PROBLEM DESCRIPTION = Please repeat the lines below, exactly and only, from the one that holds "high quality leather" through the one that holds "Ветровики, дефлекторы окон".

ENTRIES PROVIDED =
↓↓↓
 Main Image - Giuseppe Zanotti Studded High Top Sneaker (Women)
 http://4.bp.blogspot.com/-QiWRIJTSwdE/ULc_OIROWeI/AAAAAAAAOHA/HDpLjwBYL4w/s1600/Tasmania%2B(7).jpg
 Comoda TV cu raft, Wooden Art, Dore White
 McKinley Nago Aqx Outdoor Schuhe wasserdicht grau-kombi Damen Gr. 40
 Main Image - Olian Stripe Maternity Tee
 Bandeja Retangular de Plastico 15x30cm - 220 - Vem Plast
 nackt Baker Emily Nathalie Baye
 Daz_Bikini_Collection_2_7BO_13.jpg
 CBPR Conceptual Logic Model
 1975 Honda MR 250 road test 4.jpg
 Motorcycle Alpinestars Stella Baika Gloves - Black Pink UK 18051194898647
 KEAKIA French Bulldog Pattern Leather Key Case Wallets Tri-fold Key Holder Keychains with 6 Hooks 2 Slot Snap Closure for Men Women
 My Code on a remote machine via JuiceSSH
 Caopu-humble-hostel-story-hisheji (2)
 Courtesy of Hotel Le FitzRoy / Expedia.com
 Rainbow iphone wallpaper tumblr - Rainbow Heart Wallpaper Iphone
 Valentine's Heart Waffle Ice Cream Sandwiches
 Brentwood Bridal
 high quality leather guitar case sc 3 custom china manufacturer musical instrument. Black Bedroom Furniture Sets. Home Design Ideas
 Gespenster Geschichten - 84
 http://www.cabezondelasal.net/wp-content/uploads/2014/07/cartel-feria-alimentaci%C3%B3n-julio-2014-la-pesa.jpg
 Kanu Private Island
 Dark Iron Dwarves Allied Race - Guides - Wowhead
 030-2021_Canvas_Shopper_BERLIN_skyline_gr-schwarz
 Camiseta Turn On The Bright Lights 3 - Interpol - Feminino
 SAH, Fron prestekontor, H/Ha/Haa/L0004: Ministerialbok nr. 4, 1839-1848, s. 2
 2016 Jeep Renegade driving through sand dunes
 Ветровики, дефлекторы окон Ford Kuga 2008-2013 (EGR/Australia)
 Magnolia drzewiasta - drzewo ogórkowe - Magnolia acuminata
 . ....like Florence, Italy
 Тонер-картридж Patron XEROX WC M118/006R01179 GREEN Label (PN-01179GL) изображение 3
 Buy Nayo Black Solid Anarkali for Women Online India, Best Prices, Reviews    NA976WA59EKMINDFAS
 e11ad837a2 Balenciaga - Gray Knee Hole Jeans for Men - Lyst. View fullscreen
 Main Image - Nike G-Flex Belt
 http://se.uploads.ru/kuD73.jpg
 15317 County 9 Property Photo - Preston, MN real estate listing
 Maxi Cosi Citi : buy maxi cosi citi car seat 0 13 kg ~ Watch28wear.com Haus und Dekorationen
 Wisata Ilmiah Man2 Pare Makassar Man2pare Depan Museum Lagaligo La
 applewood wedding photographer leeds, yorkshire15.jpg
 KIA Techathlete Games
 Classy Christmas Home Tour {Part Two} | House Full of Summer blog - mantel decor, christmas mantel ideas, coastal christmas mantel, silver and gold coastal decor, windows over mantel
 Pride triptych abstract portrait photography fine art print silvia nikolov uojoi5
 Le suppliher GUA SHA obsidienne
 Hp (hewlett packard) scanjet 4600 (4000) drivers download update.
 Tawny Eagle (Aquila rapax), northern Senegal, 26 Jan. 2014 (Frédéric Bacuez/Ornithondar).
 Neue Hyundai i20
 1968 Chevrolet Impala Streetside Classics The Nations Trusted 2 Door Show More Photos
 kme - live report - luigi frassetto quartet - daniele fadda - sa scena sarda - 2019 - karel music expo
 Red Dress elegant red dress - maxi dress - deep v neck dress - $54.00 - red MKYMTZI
↑↑↑
WRITTEN ANSWER =
 high quality leather guitar case sc 3 custom china manufacturer musical instrument. Black Bedroom Furniture Sets. Home Design Ideas
 Gespenster Geschichten - 84
 http://www.cabezondelasal.net/wp-content/uploads/2014/07/cartel-feria-alimentaci%C3%B3n-julio-2014-la-pesa.jpg
 Kanu Private Island
 Dark Iron Dwarves Allied Race - Guides - Wowhead
 030-2021_Canvas_Shopper_BERLIN_skyline_gr-schwarz
 Camiseta Turn On The Bright Lights 3 - Interpol - Feminino
 SAH, Fron prestekontor, H/Ha/Haa/L0004: Ministerialbok nr. 4, 1839-1848, s. 2
 2016 Jeep Renegade driving through sand dunes
 Ветровики, дефлекторы окон Ford Kuga 2008-2013 (EGR/Australia)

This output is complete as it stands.